Эви вернула фотографию на место.
Она не видела кузенов с самых похорон. Завещание мамы теперь утверждено. К этому времени у них должен был появиться план. Но все пребывали в парализованном состоянии, которое усиливала молчаливая, но настойчивая кампания кузена Генри, старшего «от Эвелин», как их называли; Генри желал утвердить свое естественное право – он считал его естественным – распоряжаться на острове, потому что его мать всегда этим занималась. Тетя Эвелин хозяйничала. Эви могла высказывать свое мнение, но она была «от Джоан». Их было четверо против нее одной, и кроме того, как не уставал напоминать Генри, тетя Джоан, хоть и очень милая, никогда не руководила делами острова. Эви почти никогда не соглашалась с Генри, но тут он был прав. Ее мать никогда ни на чем не настаивала – за исключением одного: чтобы ничего не менялось.
До того дня, за неделю до ее смерти, когда Эви, зайдя в спальню матери, увидела, что та сидит в постели и держит в руке эту фотографию.
– Я хочу, чтобы меня похоронили на острове Крокетт, – сказала Джоан, повернувшись к дочери.
– Хорошо, – с трудом произнесла Эви. Тогда впервые было проговорено, что мать умирает.

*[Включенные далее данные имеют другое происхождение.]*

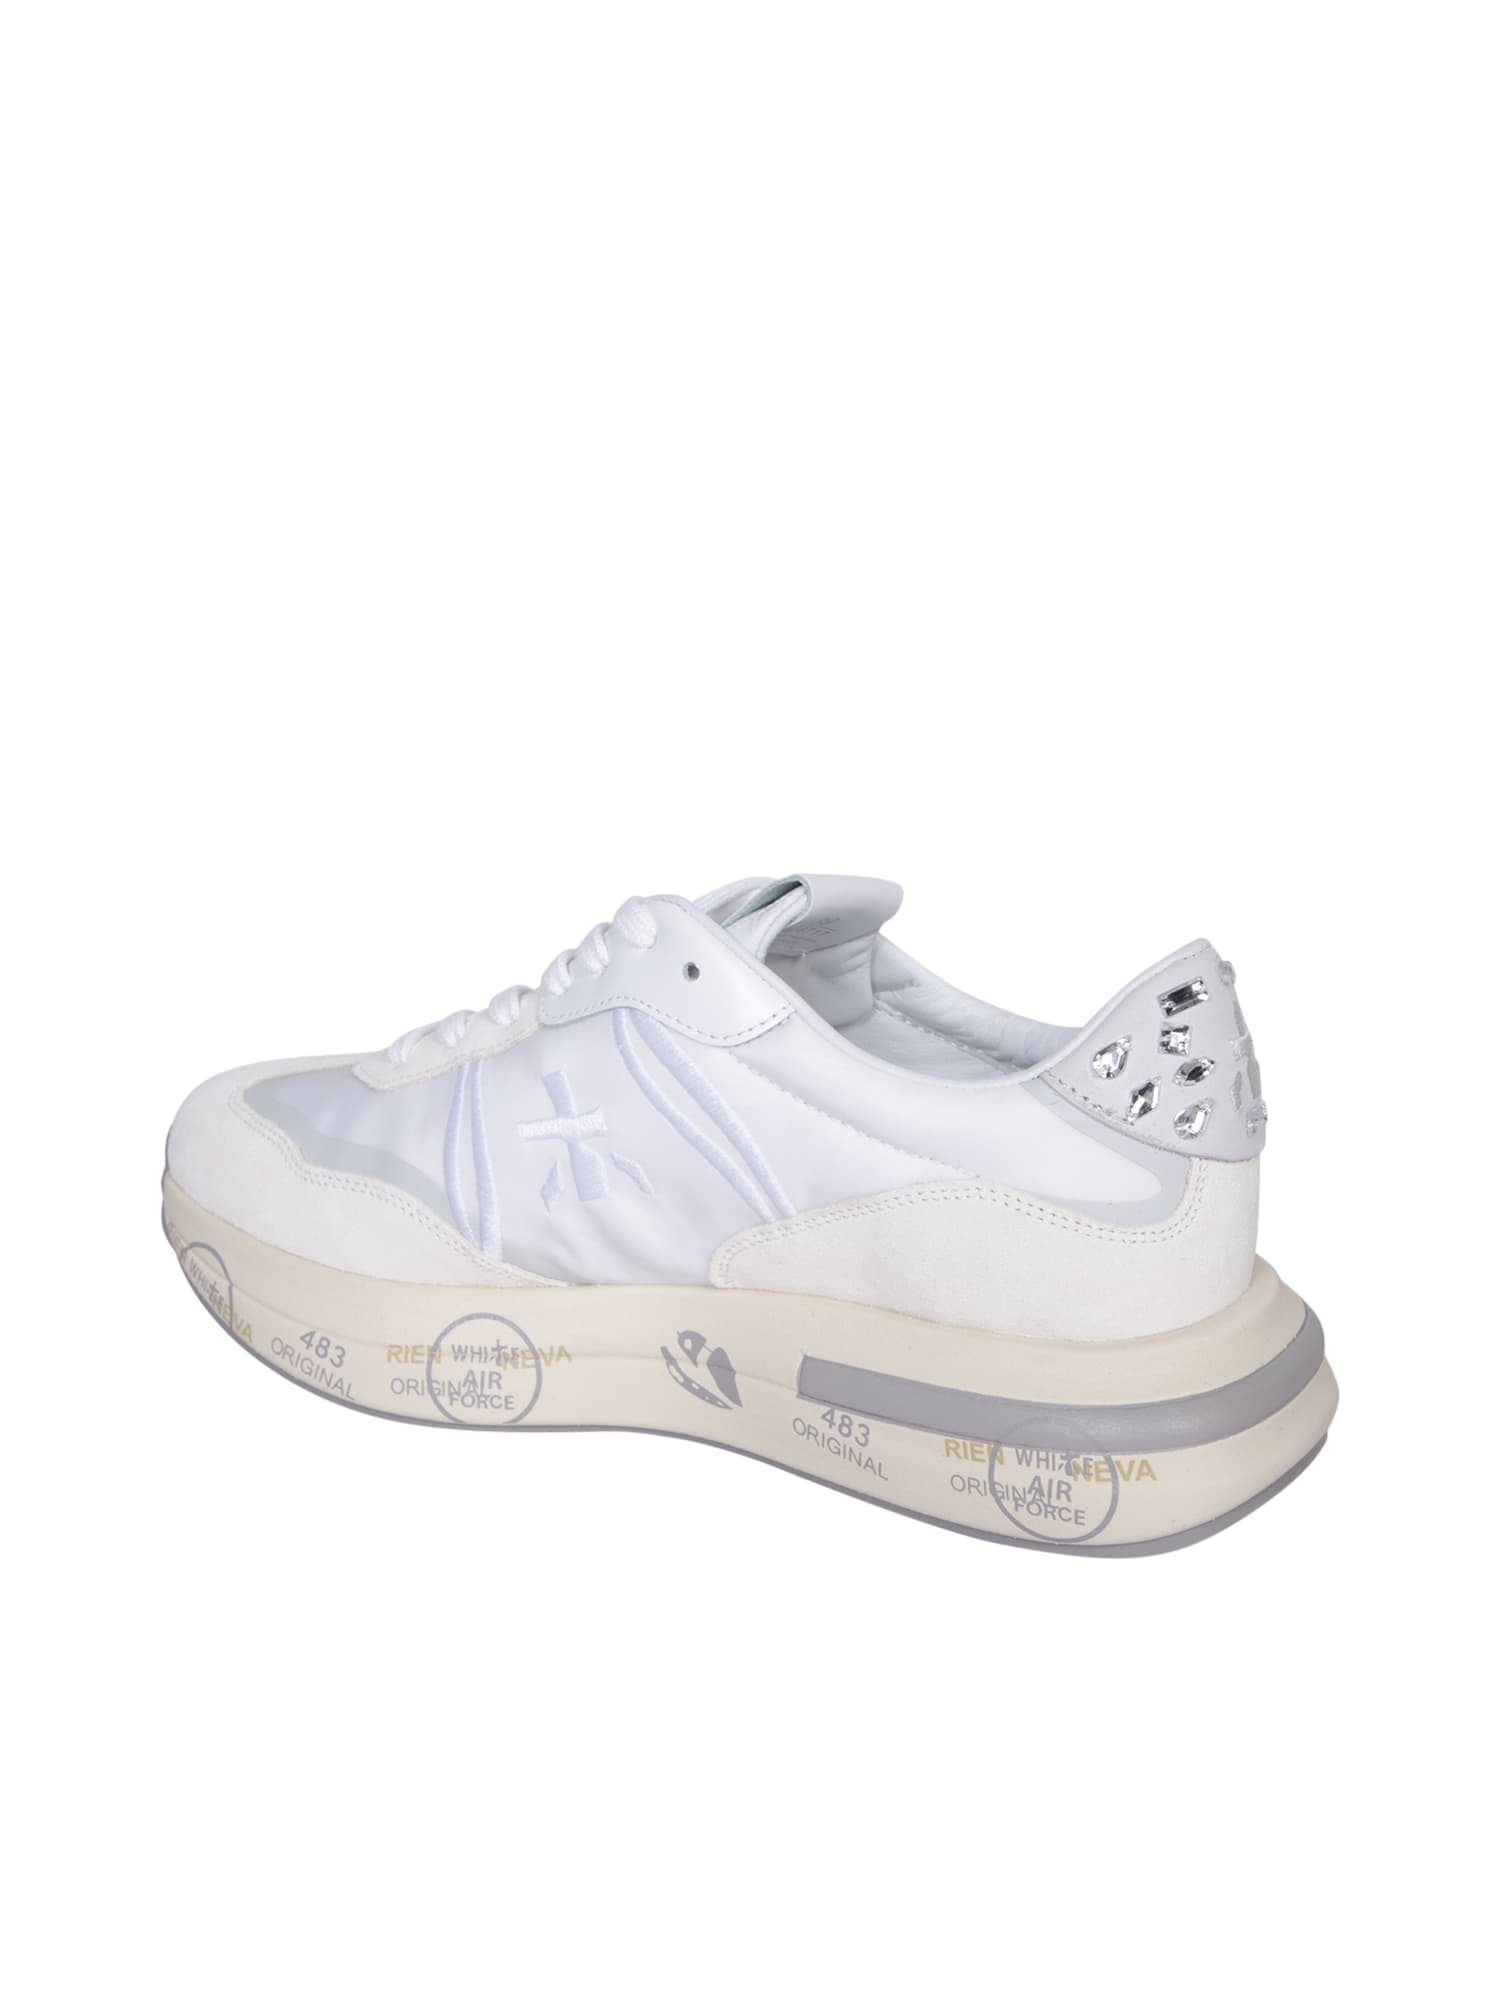 Shop Premiata Cassie White Sneakers

– На краю площадки для пикников.
Эви поставила поднос на кровать.
– И на камне должна быть надпись: «Здесь».
– «Здесь»? – удивилась Эви. – Не «Джоан Милтон»?
– «Здесь», – повторила мать. – Одно слово.
– Ладно, – с трудом произнесла Эви. – Но почему?
Джоан повернулась и пристально посмотрела на дочь – как будто, чувствовала Эви, не до конца в ней уверена.
– Но я же тебе говорила. Уже говорила.
Что она ей говорила? Эви ничего не понимала. Когда?
– Обещай мне, Эви.
– Обещаю, – ответила она. – Я все сделаю, мама.
– Эвелин это не понравится, – заметила мать.
– Тетя Эвелин мертва, – тихо сказала Эви.
Джоан кивнула, поставила фотографию к лампе на прикроватной тумбочке, сложила руки на выцветшем шелковом покрывале у себя на груди и закрыла глаза.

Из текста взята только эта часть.